The fields imported from the Inventory worksheet include:
- Accession ID
- Collection Title
- Collection ID
- Physical location of media
- Source type
- Label transcription
- Initial appraisal notes
- Restriction statement
- Restriction end date
The BDPL ingest process will provide additional information about the transfer process and the content:
- Transfer method: identifies the tool used to transfer content from the physical media or network location,
- Migration date: the date content was migrated
- Migration outcome: Indicates success or failure of transfer process
- Migration notes: Used by BDPL staff to record any issues or observations about content and/or the transfer process.

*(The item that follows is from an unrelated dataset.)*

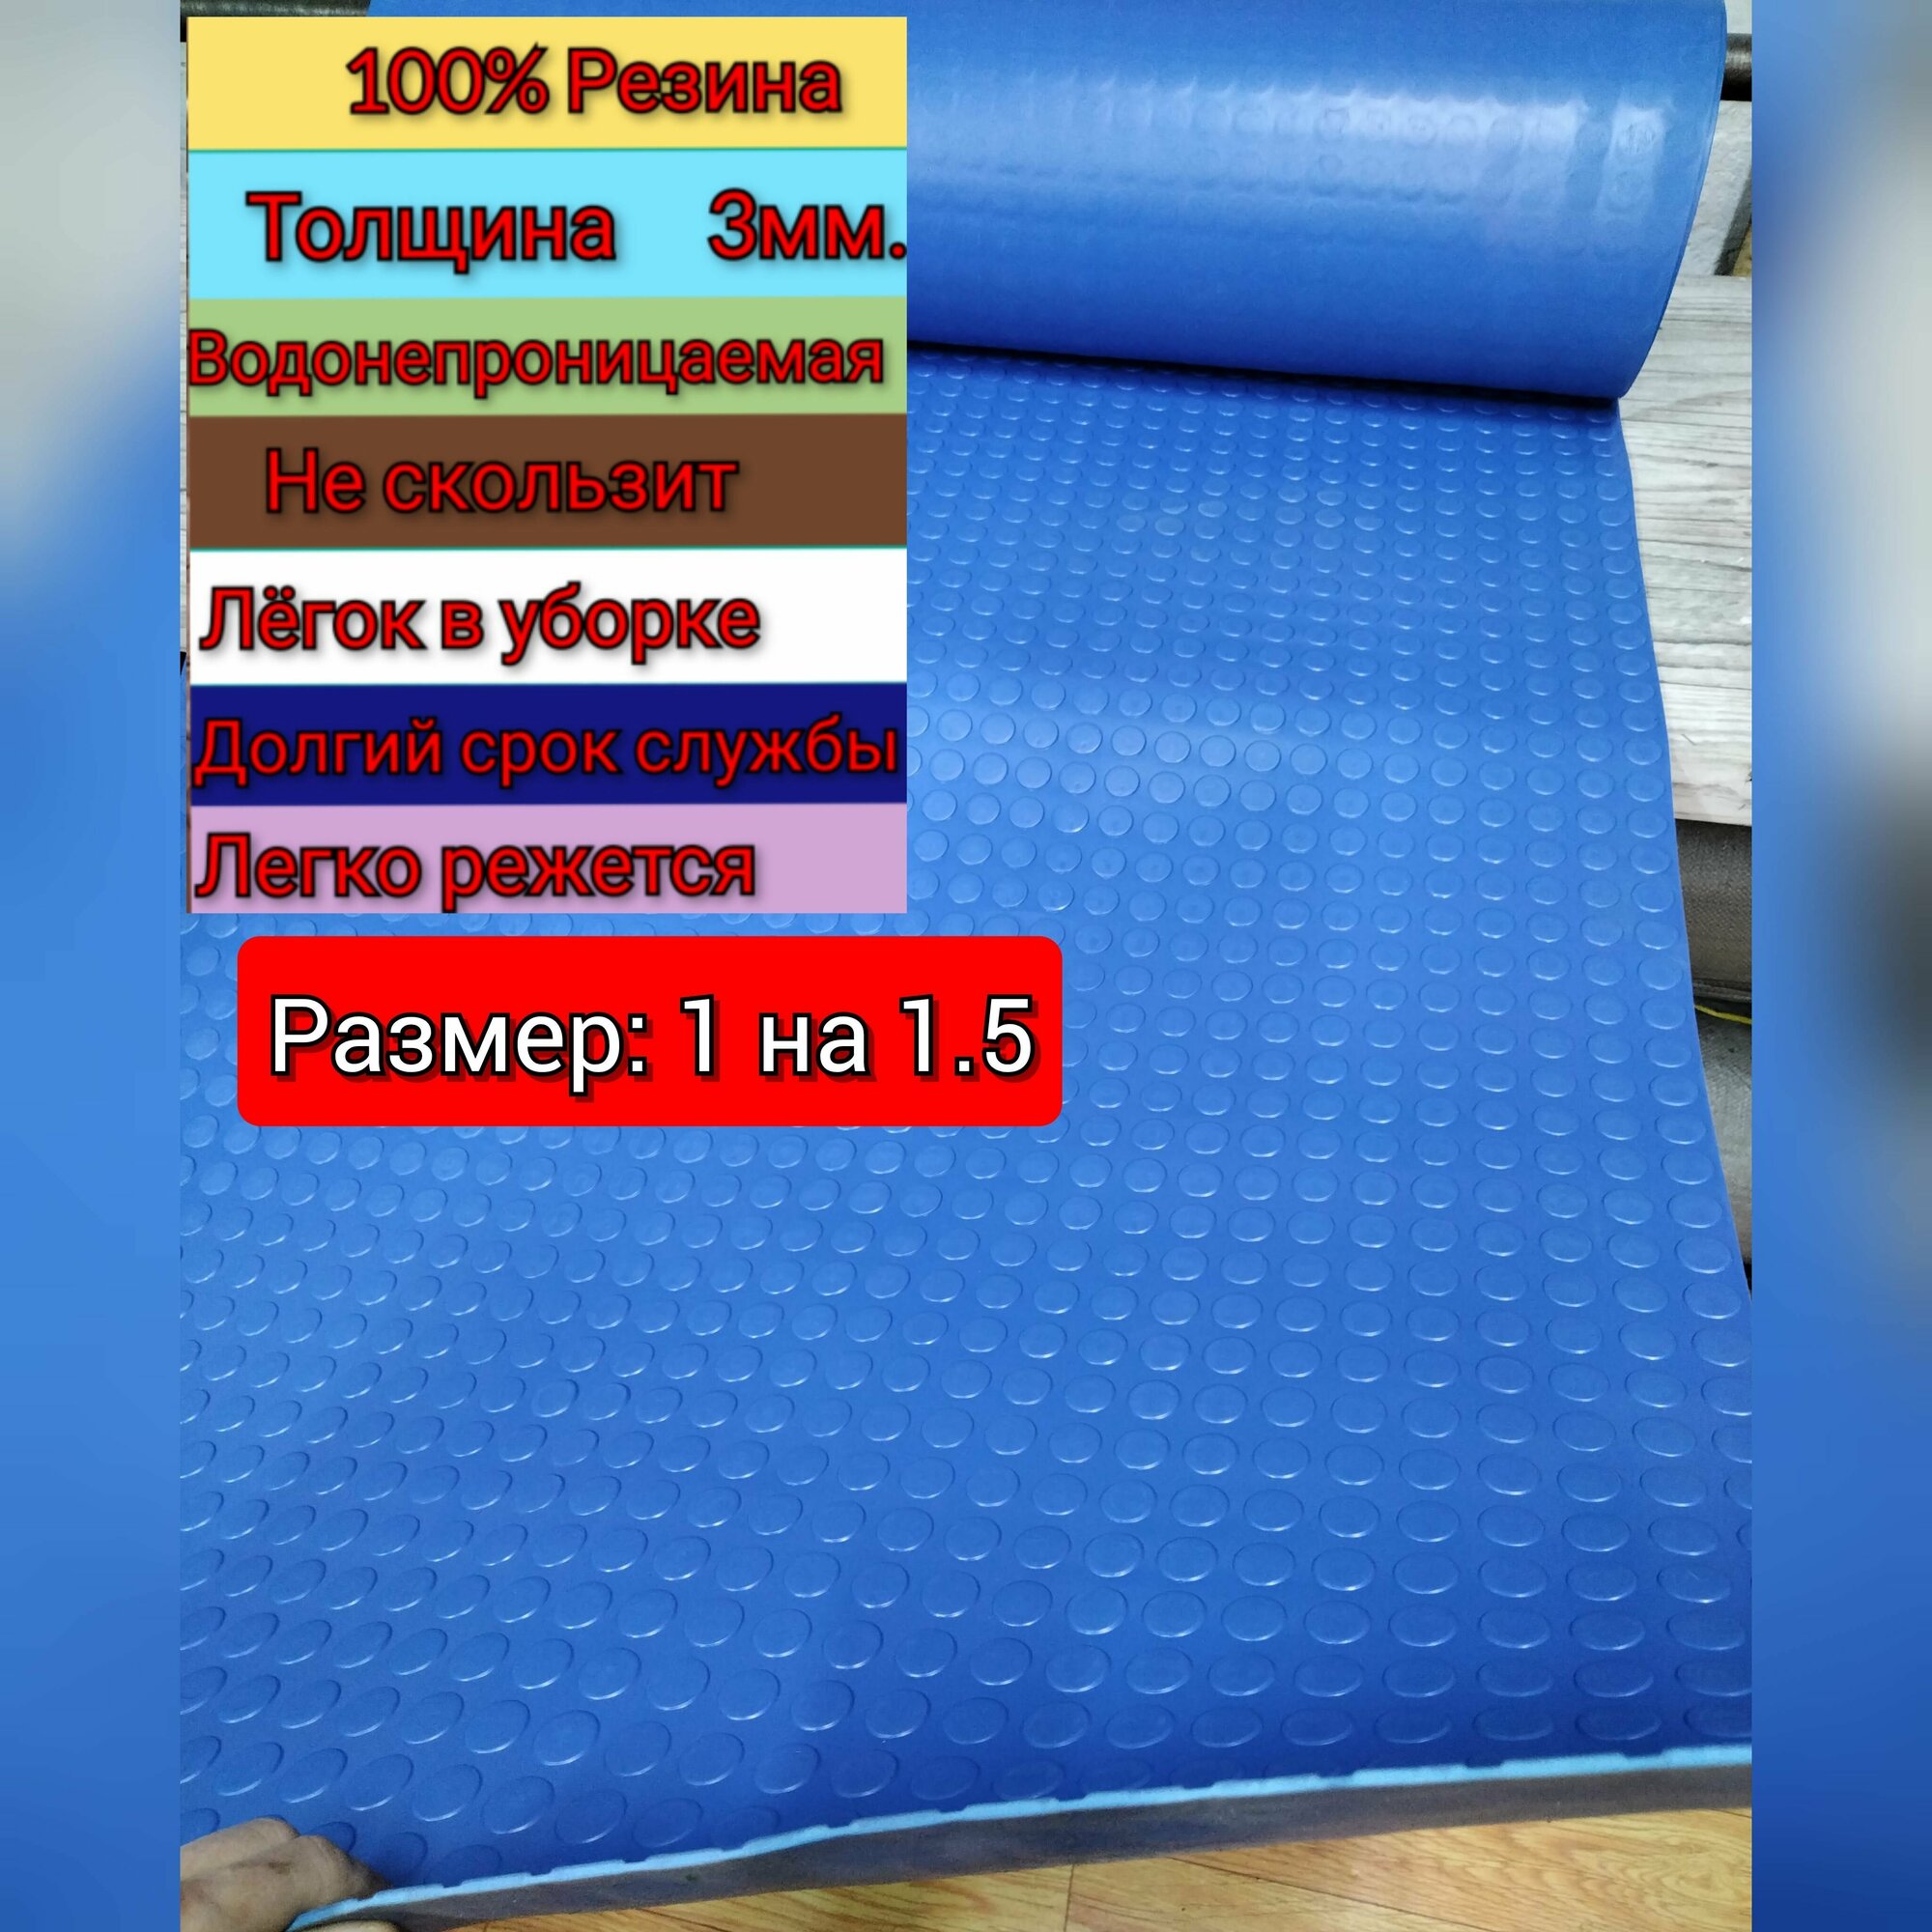 Резиновое покрытие напольное в рулоне 1 х 1.5 (Монета, цвет синий) Резиновая дорожка для авто, гаража, ступень, для лифта

- Extent (normalized): Human-readable information of the size of files extracted from the disk image or copied from a network location.
- Extent (raw): Size (in bytes) of files extracted from the disk image or copied from a network location.
- No. of files: Number of files extracted from the disk image or copied from a network location. For DVD-Video and audio CDs, this will reflect the titles ripped from the original media.
- No. of Duplicate Files: Indication of duplicate content among extracted/copied files (actual list of duplicates provided in accompanying HTML report).
- No. of Unidentified Files: Indication of files with formats not included in the PRONOM format registry.
- File Formats: List of the most prominent file formats found on the item (includes a maximum of 10; full list of formats available in technical metadata).
- Begin Date: Earliest date extracted from last-modified timestamps on extracted/transferred files. May not accurately reflect when the files were actually created or used. For content from audio CDs, this will reflect the date content was ripped.)
- End Date: Latest date extracted from last-modified timestamps on extracted/transferred files. May not accurately reflect when the files were actually created or used. For content from audio CDs, this will reflect the date content was ripped.)
- Virus Status: Indicates if any viruses or malware were found on extracted/transferred files.
- PII Status: Indicates if bulk_extractor found sensitive information in extracted/transferred files; will indicate account numbers (SSNs, credit cards, or bank account numbers), email addresses, and telephone numbers.
The information in the appraisal spreadsheet is intended to assist with:
- The appraisal of content by the collecting unit to review any sensitive information and determine if items should be moved to the SDA.
- Troubleshooting and reporting of ingest procedures by the BDPL manager.